**TASK REQUIREMENTS**. Only the lines below from the one with "Cómo escribir un" through the one with "tonybet casino homepage" are to be written out, exactly and without any images.

*** SOURCE MATERIAL ***

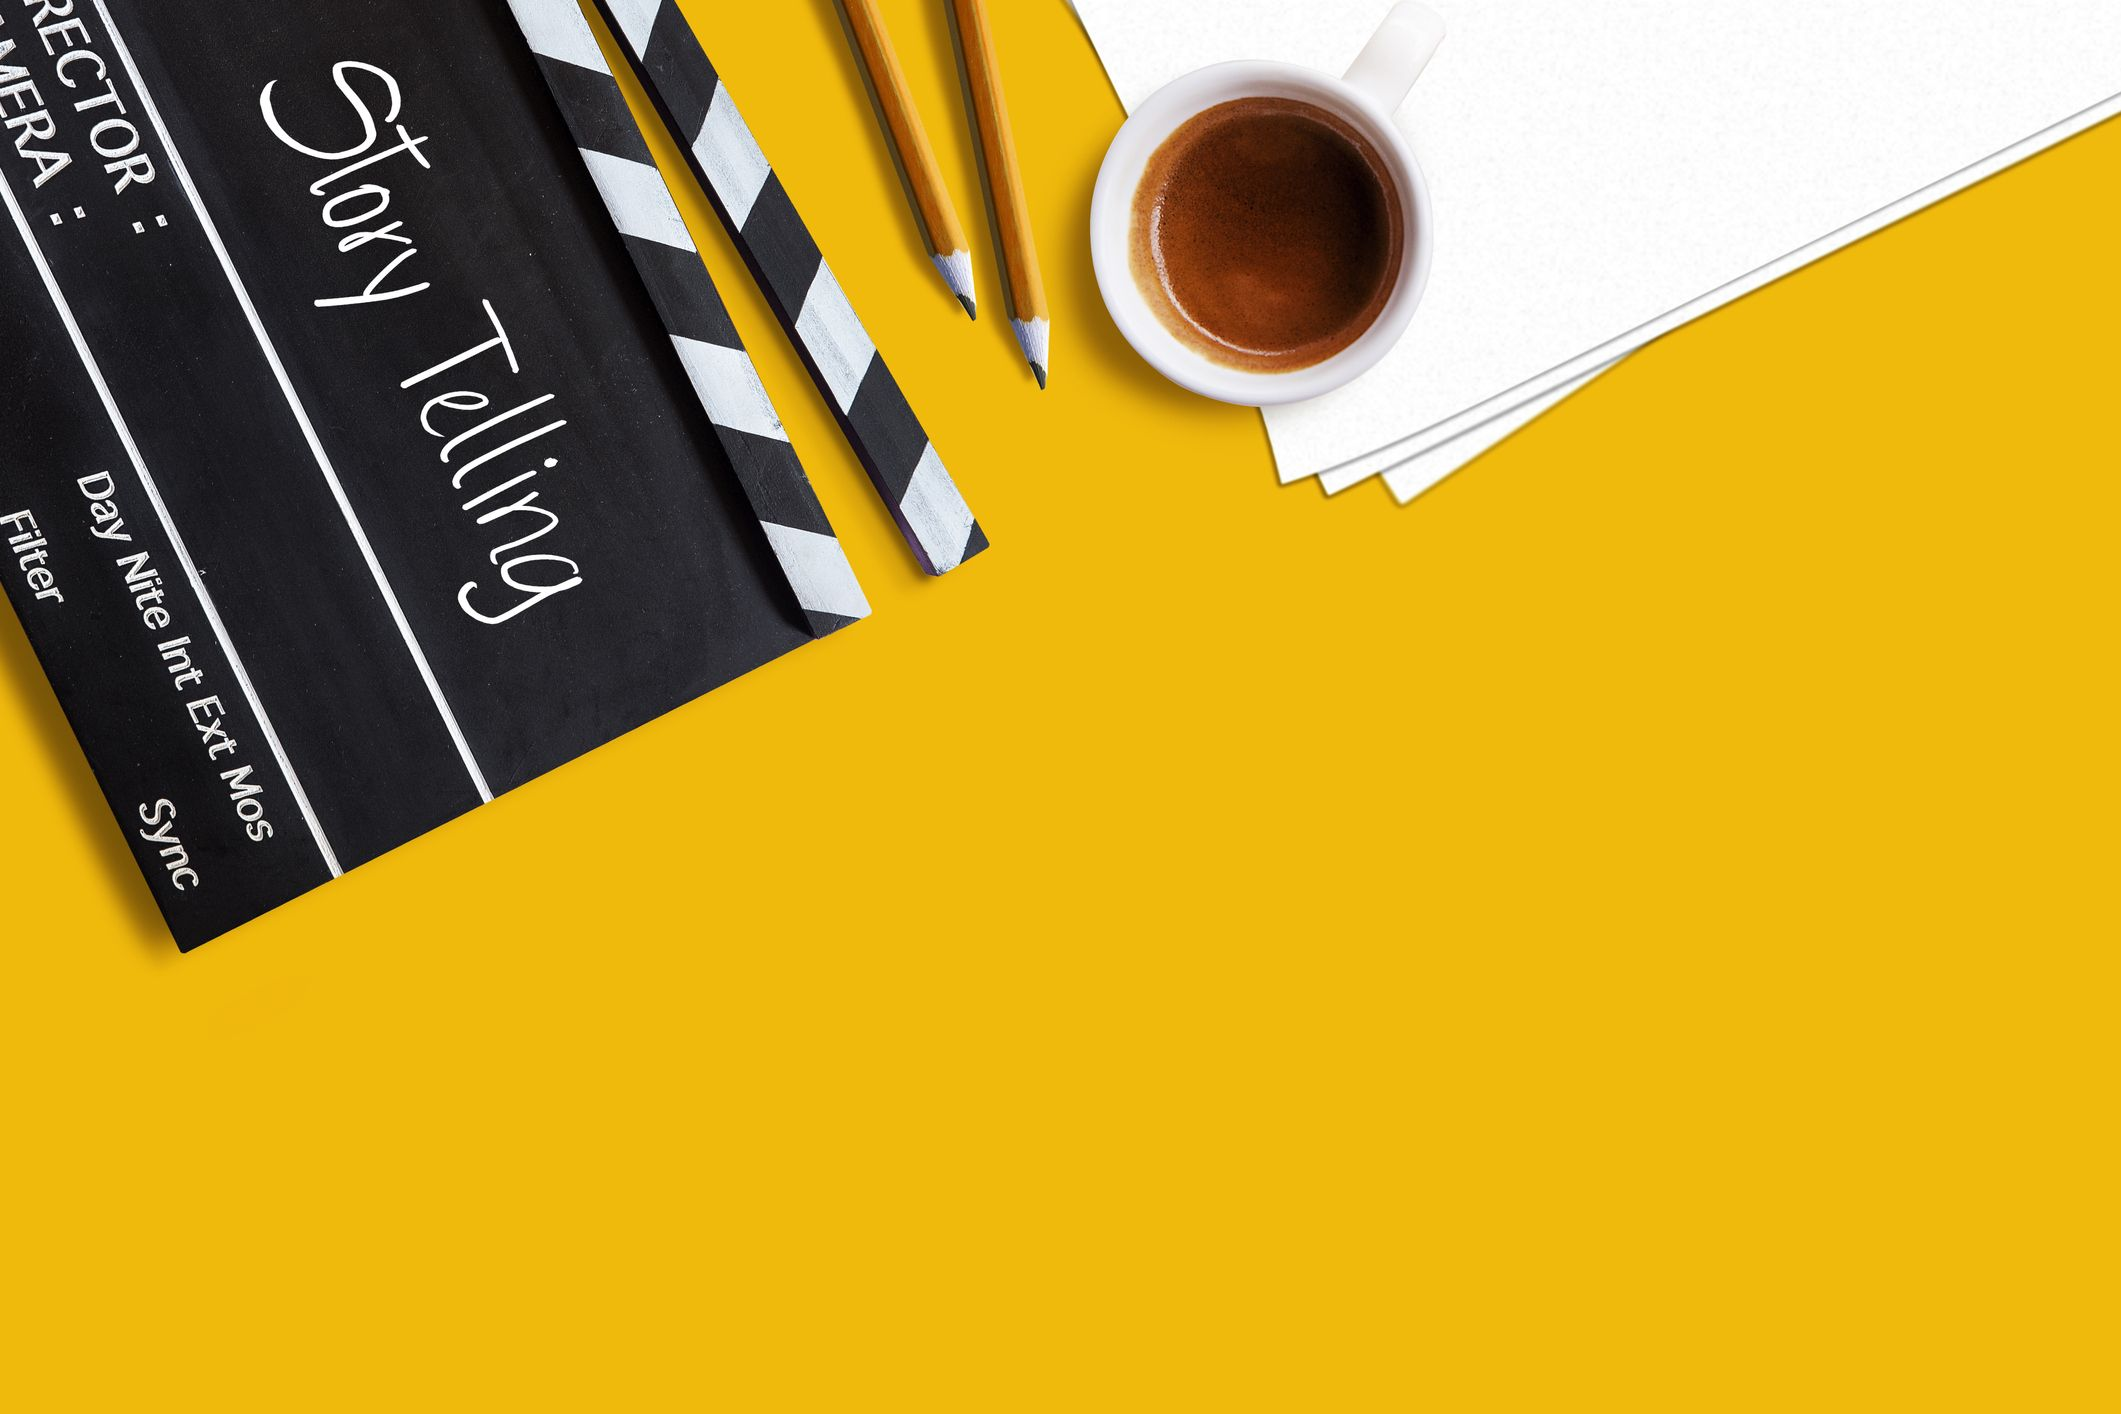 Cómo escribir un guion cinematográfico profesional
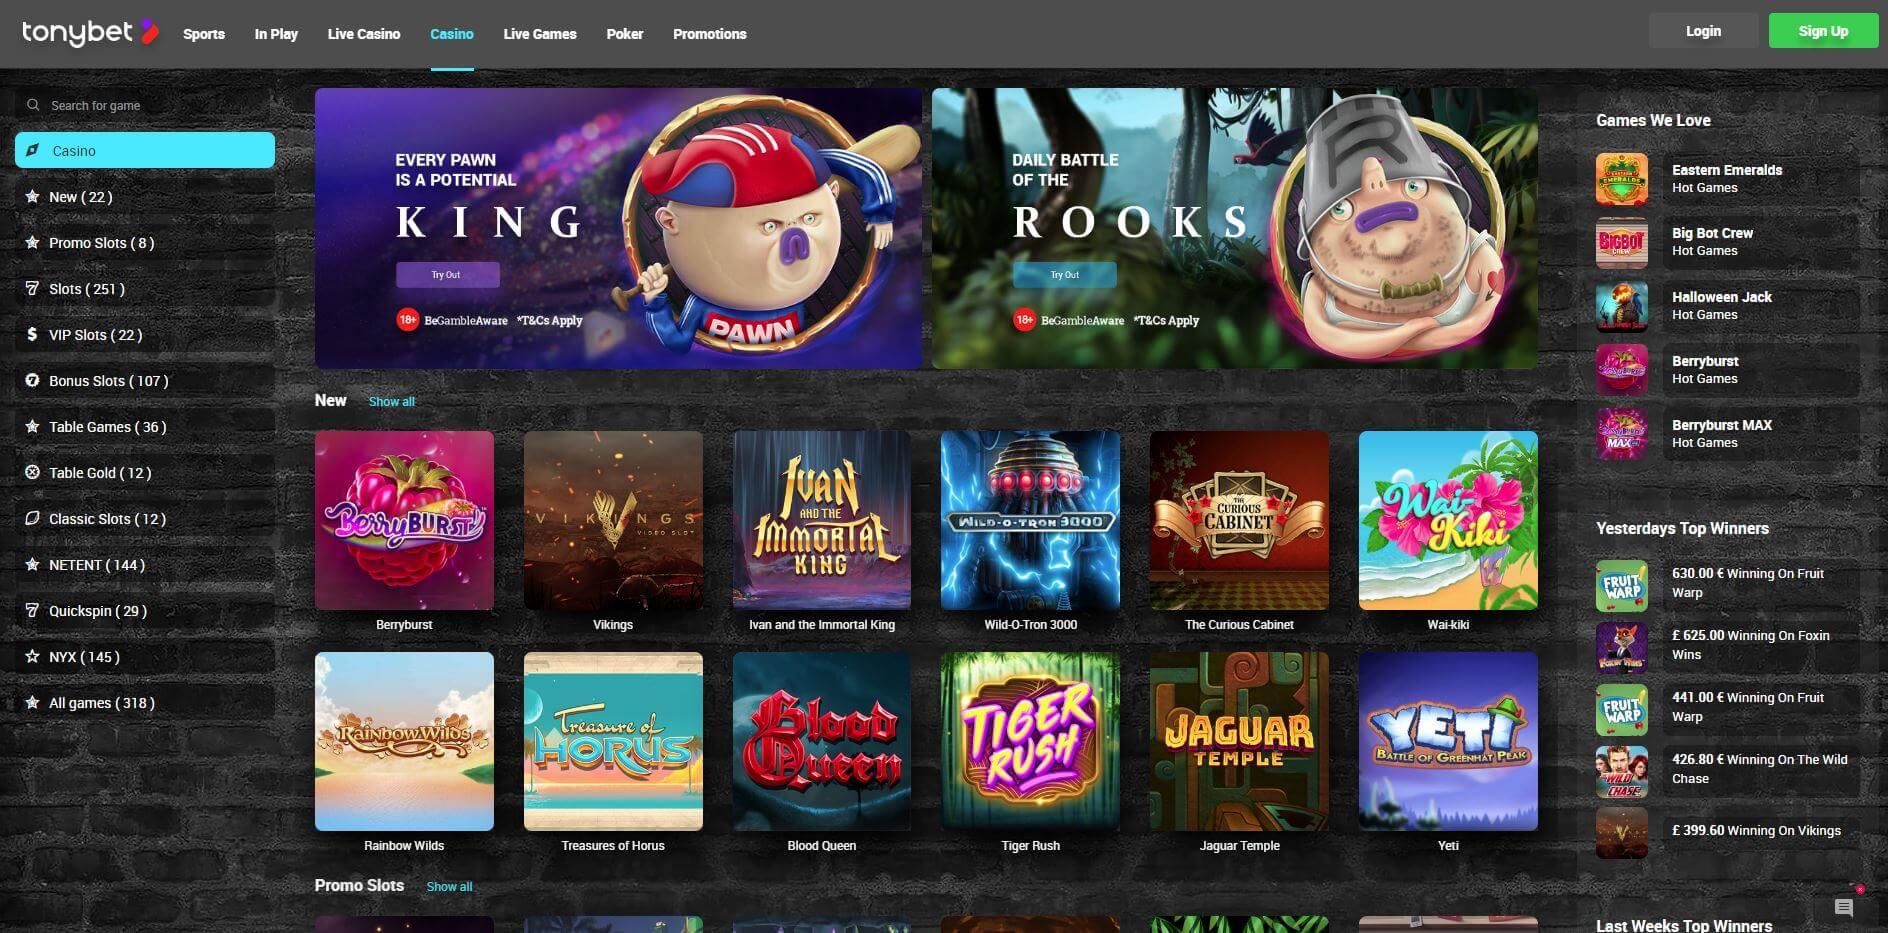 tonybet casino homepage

*** End of SOURCE MATERIAL ***
*** SOURCE MATERIAL ***

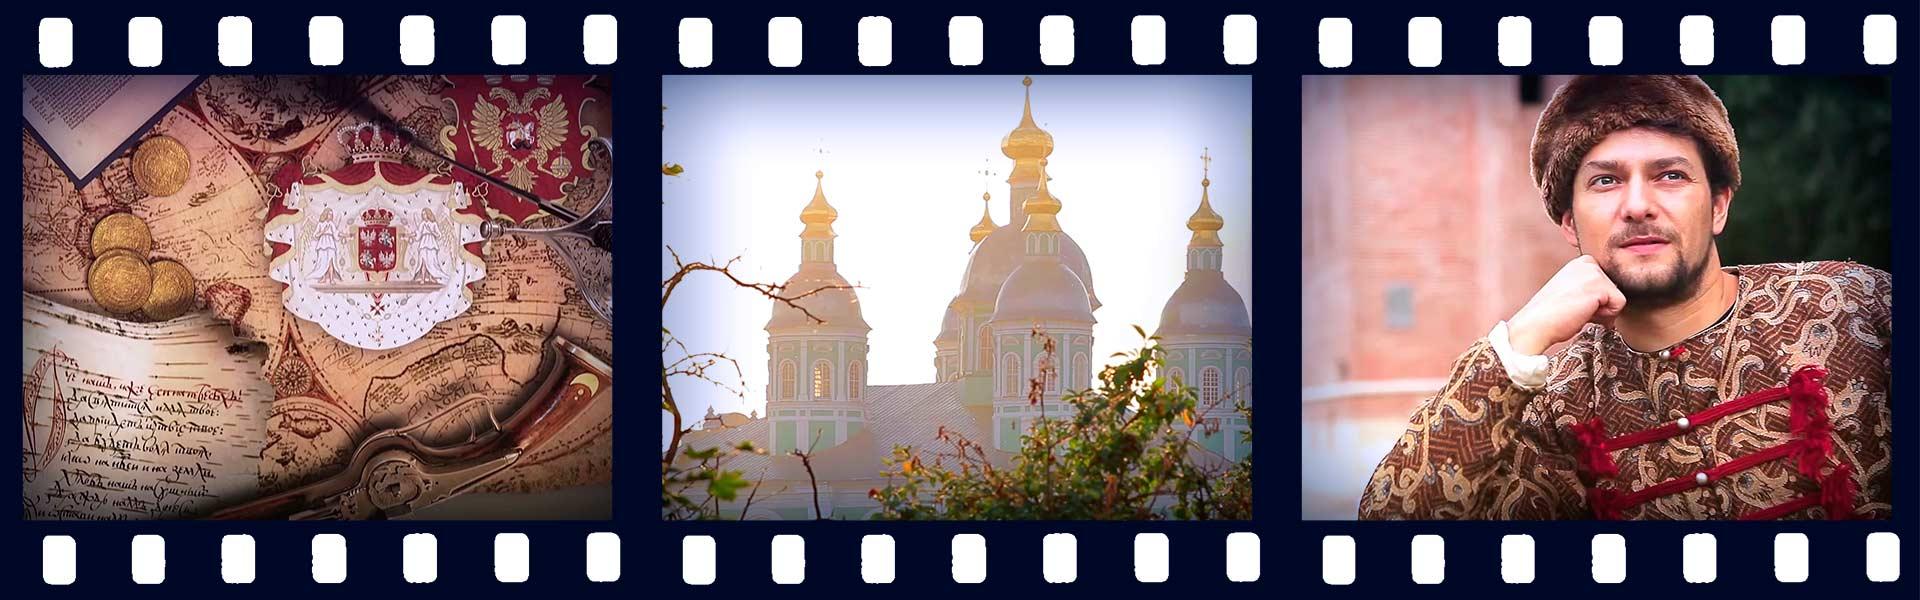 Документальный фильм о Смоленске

*** End of SOURCE MATERIAL ***

**TASK OUTPUT**.
 Cómo escribir un guion cinematográfico profesional
 tonybet casino homepage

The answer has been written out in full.